** Dataset excerpts follows **

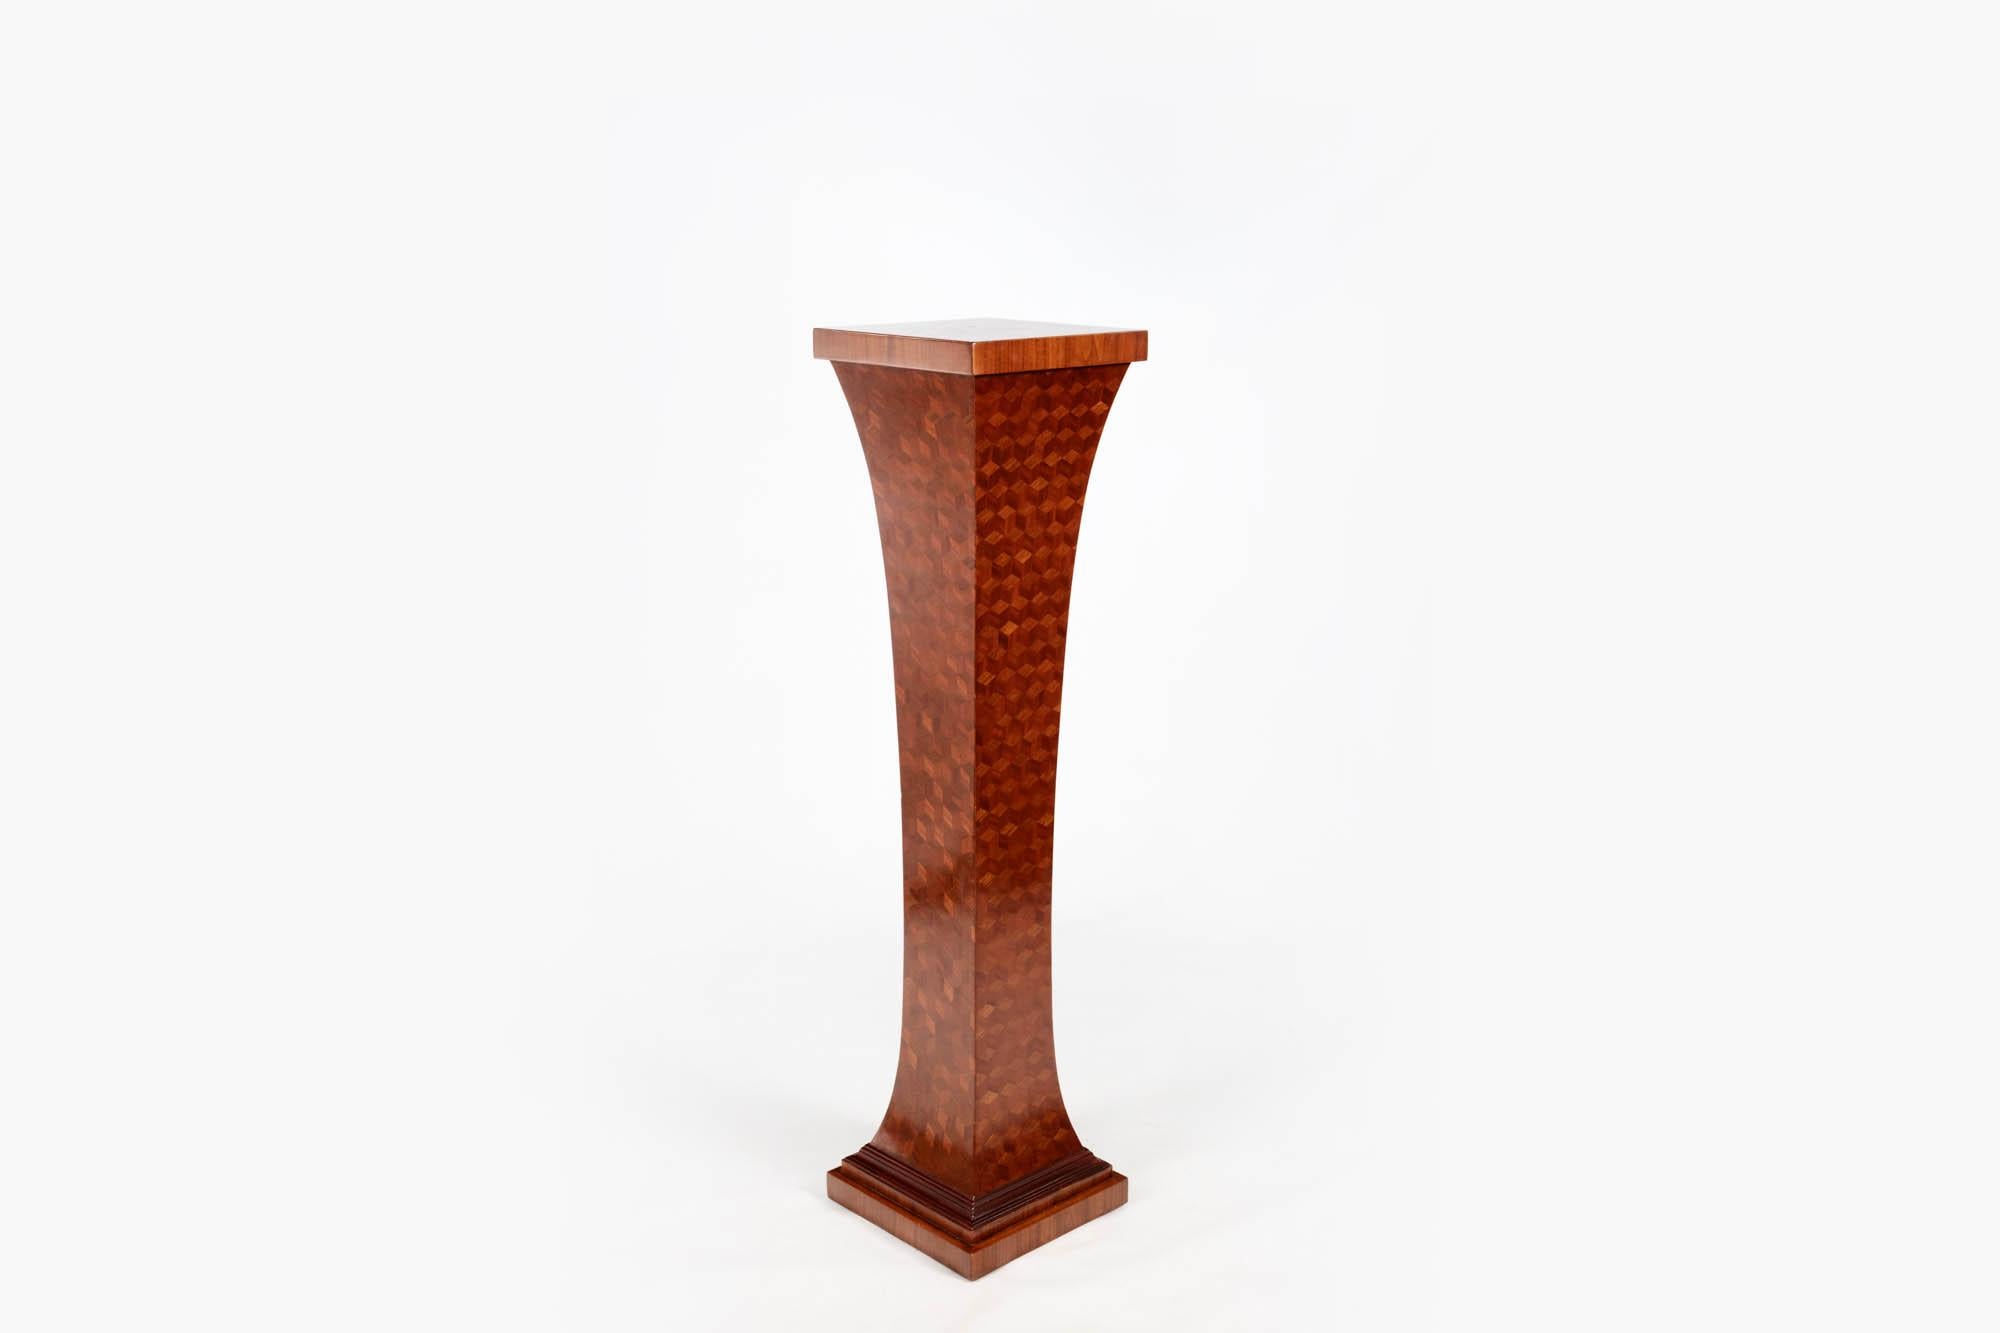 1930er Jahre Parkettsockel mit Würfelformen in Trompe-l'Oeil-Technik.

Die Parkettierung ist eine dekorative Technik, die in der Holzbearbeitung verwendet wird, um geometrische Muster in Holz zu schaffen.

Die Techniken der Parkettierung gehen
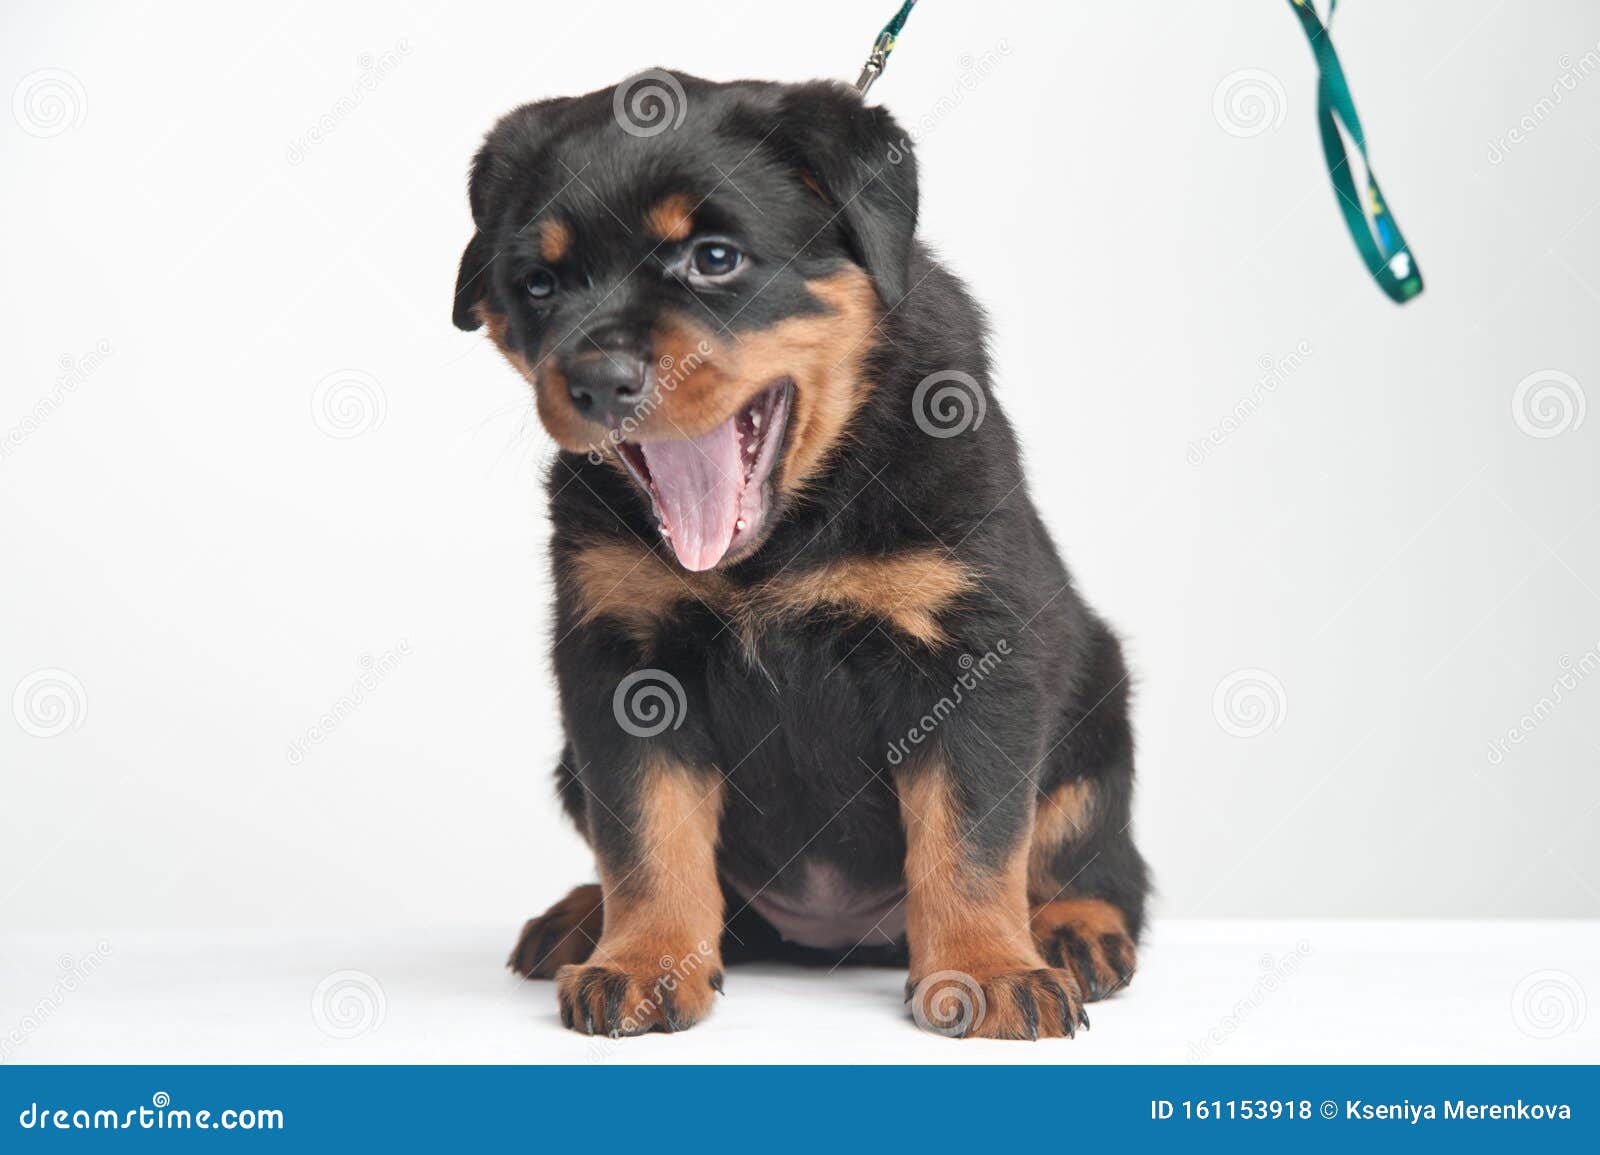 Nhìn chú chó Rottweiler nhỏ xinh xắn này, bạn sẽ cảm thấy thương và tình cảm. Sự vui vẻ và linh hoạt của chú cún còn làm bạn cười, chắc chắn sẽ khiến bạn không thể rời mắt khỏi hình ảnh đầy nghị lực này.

** End of Dataset excerpts **
** Dataset excerpts follows **

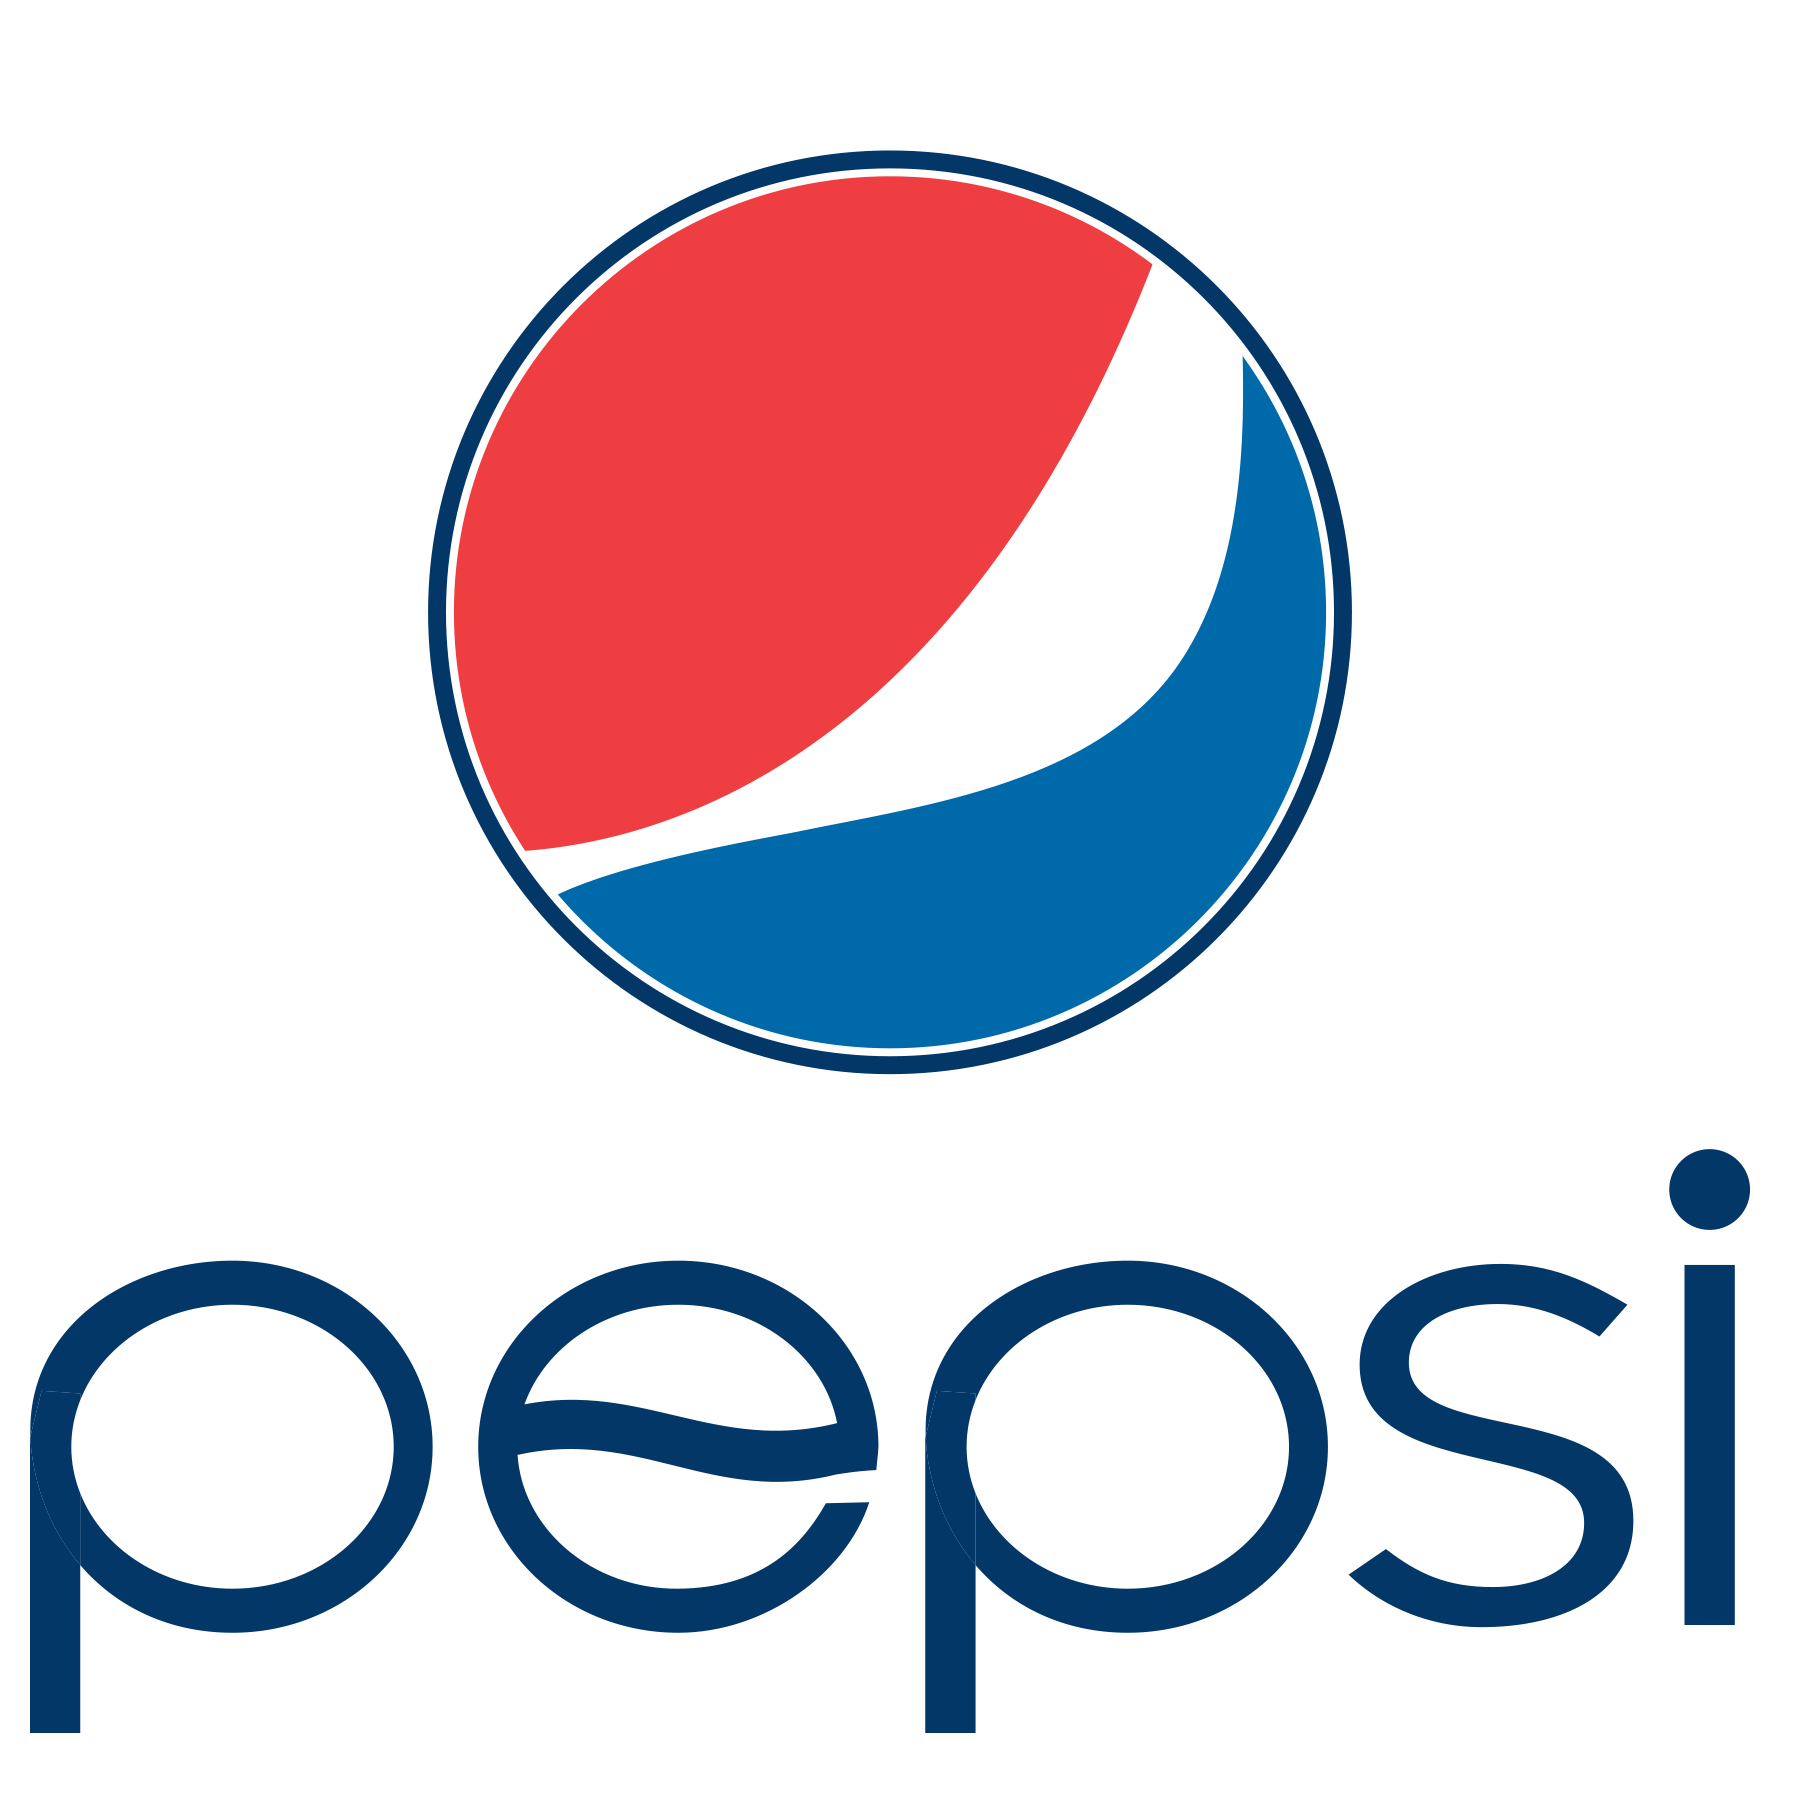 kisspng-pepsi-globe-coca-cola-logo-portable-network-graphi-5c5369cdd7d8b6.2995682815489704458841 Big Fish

** End of Dataset excerpts **

What you need to do :: Which of the lines in the material carry the string "Parkettierung"? Pull them out.

Result of this exercise ::
Die Parkettierung ist eine dekorative Technik, die in der Holzbearbeitung verwendet wird, um geometrische Muster in Holz zu schaffen.
Die Techniken der Parkettierung gehen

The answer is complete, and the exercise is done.